> [EXERCISE AIM] Drop all images. Then write out each line below exactly as given.
(PROVIDED DATA Opens)
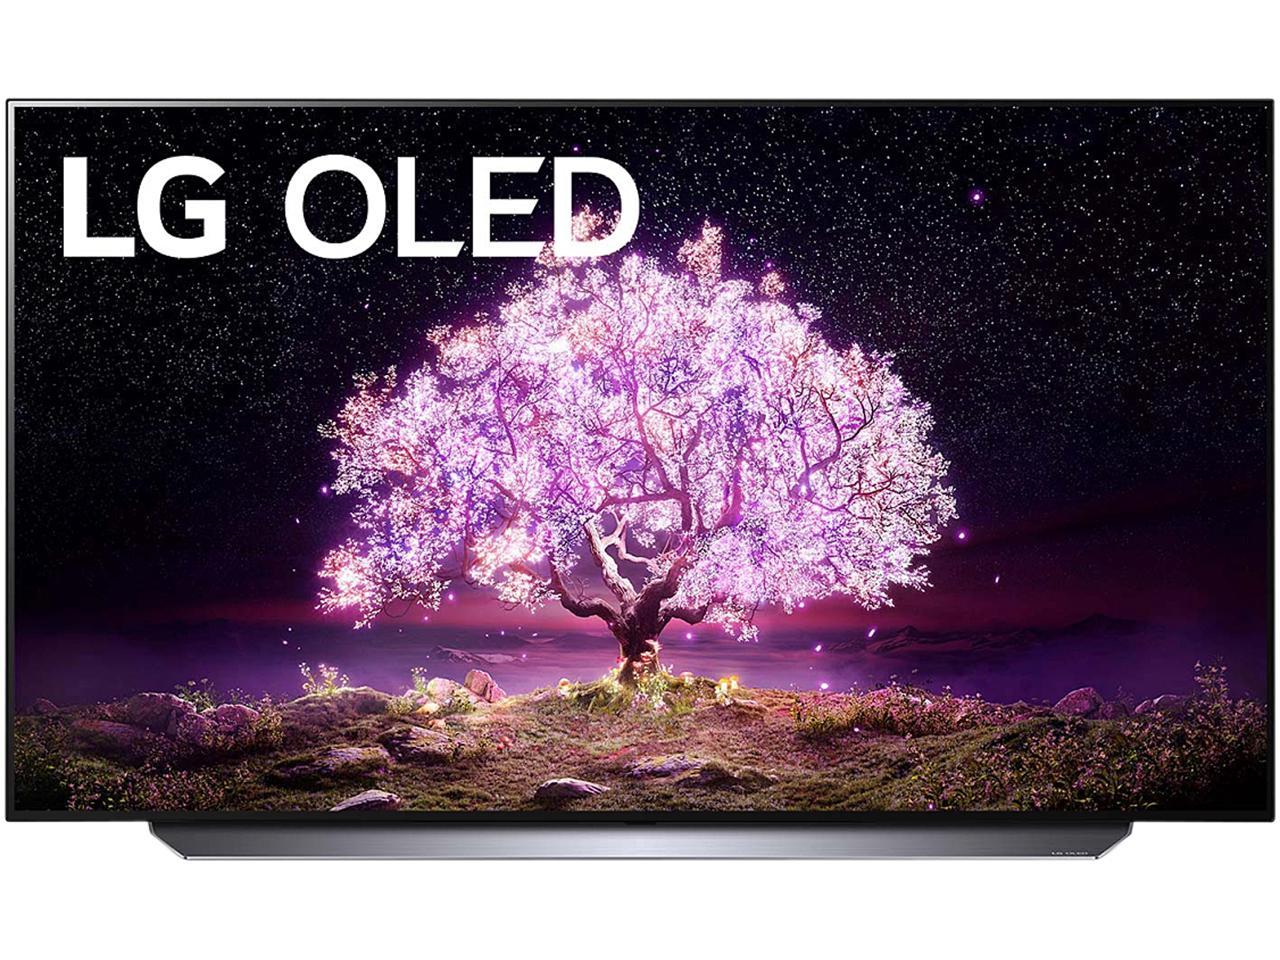 LG OLED TV Superbowl Sale - OLED's Starting at $1096.99
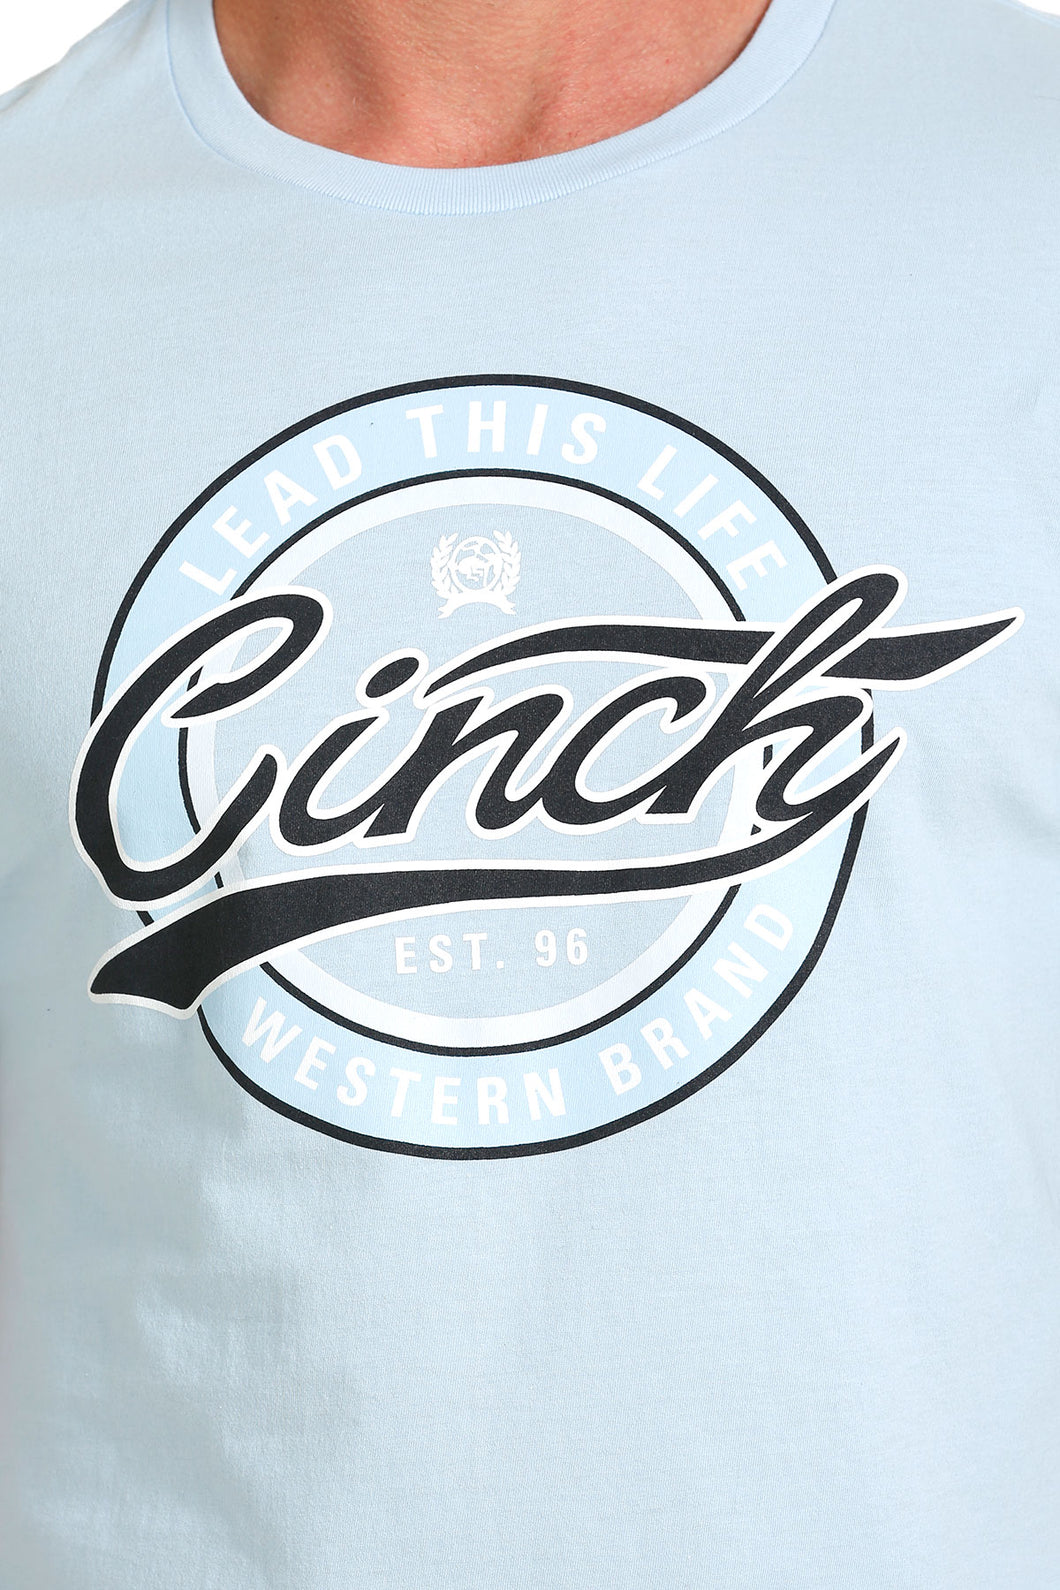 Cinch Men's Light Blue Cinch Logo T-Shirt
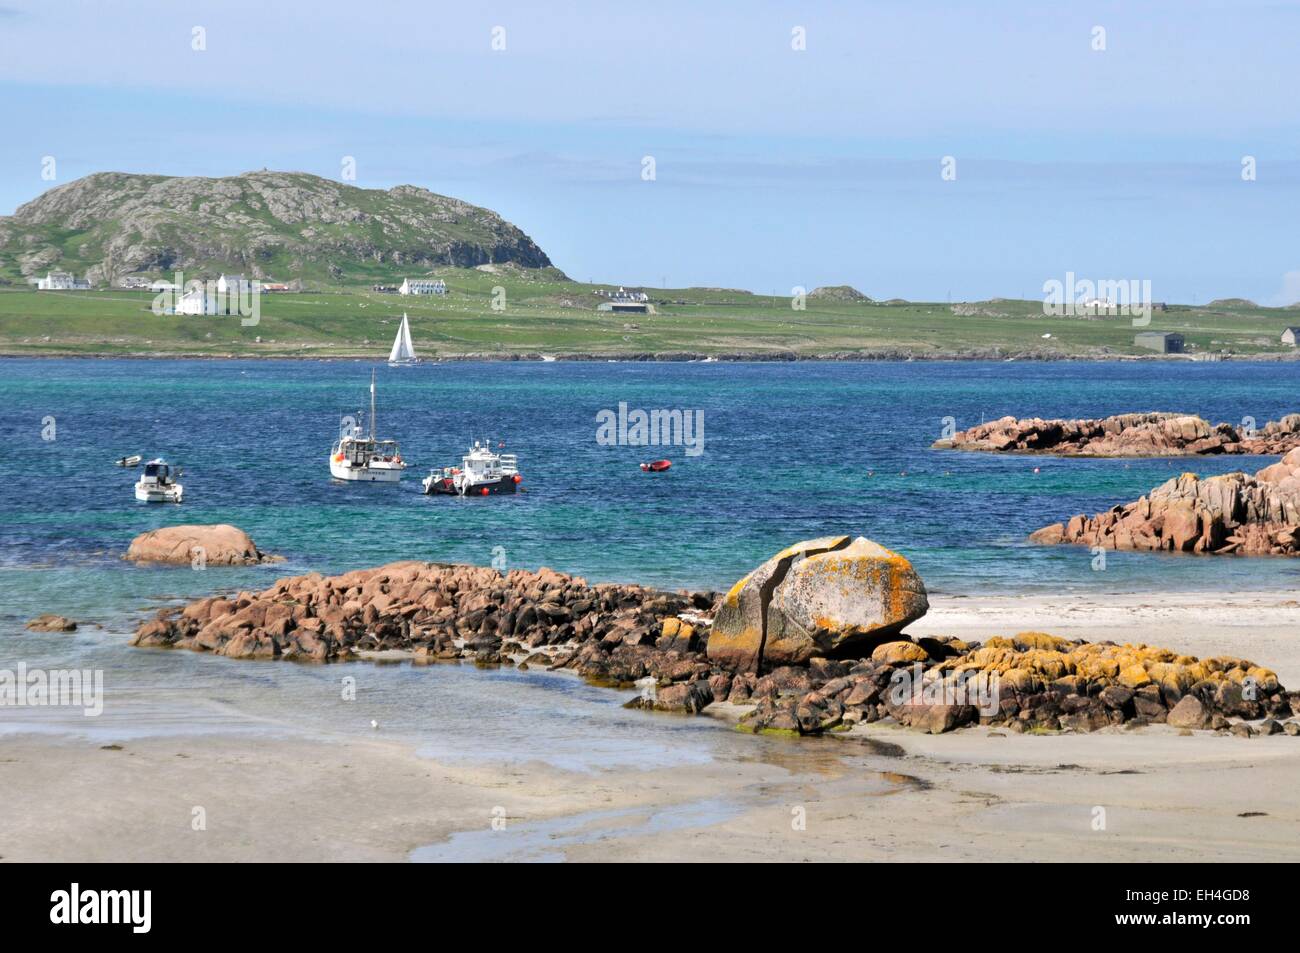 Großbritannien, Schottland, Isle of Mull, Fionnphort äußersten Südwesten der Insel Mull, die Ross of Mull, Knockvologan Strand, Iona Insel im Hintergrund Stockfoto
(PROVIDED DATA Closes)
> [PROBLEM SOLUTION]
 LG OLED TV Superbowl Sale - OLED's Starting at $1096.99
 Cinch Men's Light Blue Cinch Logo T-Shirt
 Großbritannien, Schottland, Isle of Mull, Fionnphort äußersten Südwesten der Insel Mull, die Ross of Mull, Knockvologan Strand, Iona Insel im Hintergrund Stockfoto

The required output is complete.